§ **EXERCISE INPUTS**:
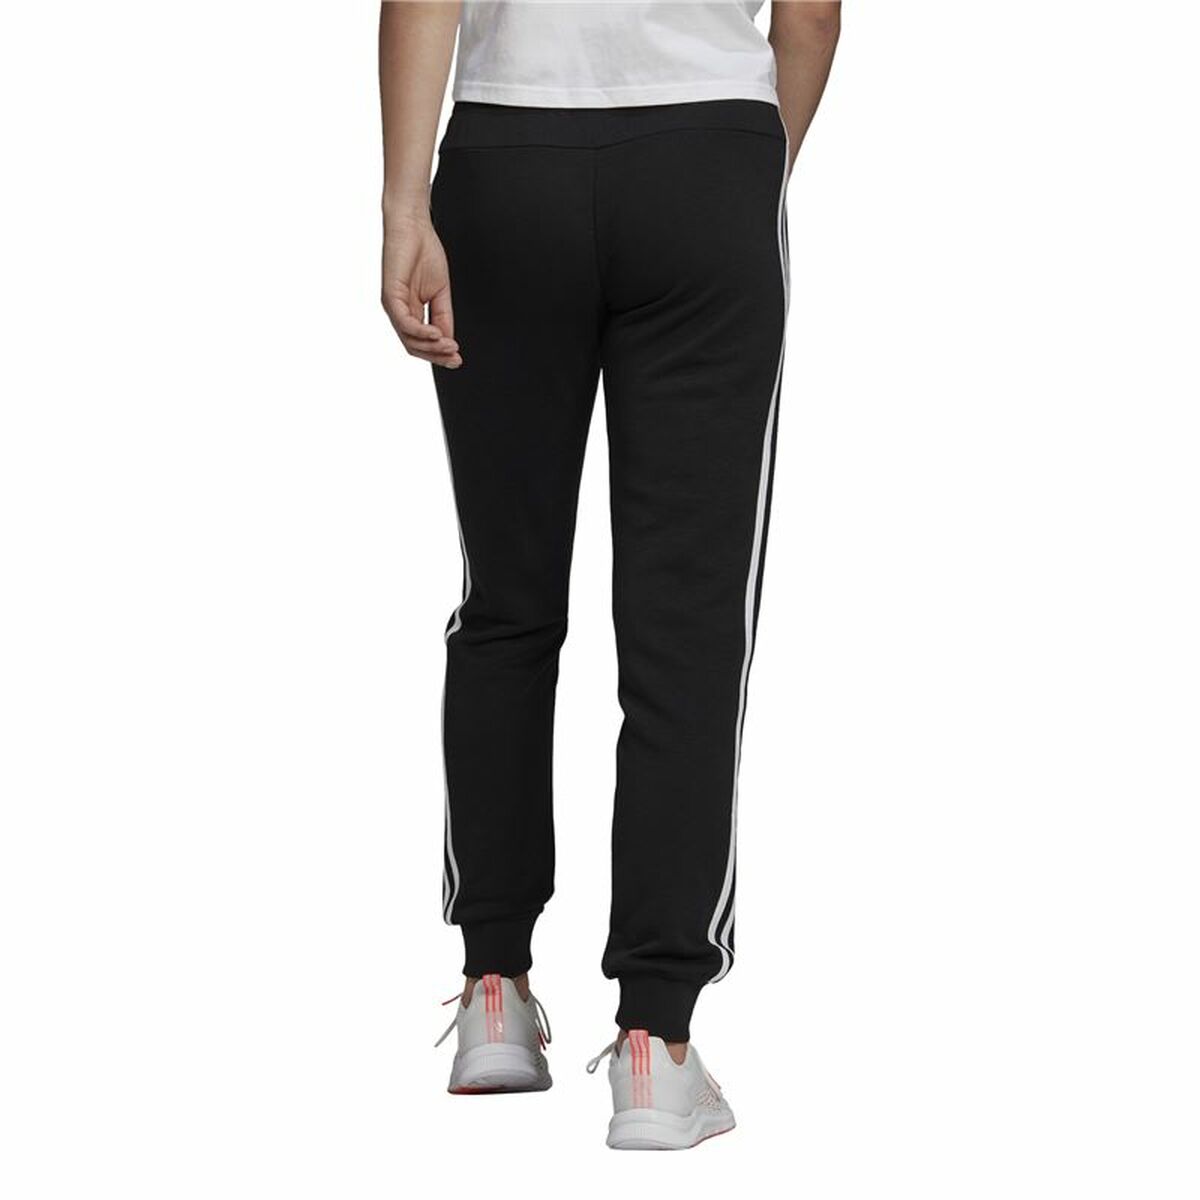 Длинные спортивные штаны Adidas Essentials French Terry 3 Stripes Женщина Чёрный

...

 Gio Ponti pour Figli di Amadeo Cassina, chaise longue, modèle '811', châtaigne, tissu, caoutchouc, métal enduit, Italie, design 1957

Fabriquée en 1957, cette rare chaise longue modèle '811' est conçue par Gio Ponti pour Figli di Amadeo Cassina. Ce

§ **WHAT YOU NEED TO DO**:
Search the records line by line for the word "pour" and copy every line where it appears.

§ **COMPLETED TASK**:
 Gio Ponti pour Figli di Amadeo Cassina, chaise longue, modèle '811', châtaigne, tissu, caoutchouc, métal enduit, Italie, design 1957
Fabriquée en 1957, cette rare chaise longue modèle '811' est conçue par Gio Ponti pour Figli di Amadeo Cassina. Ce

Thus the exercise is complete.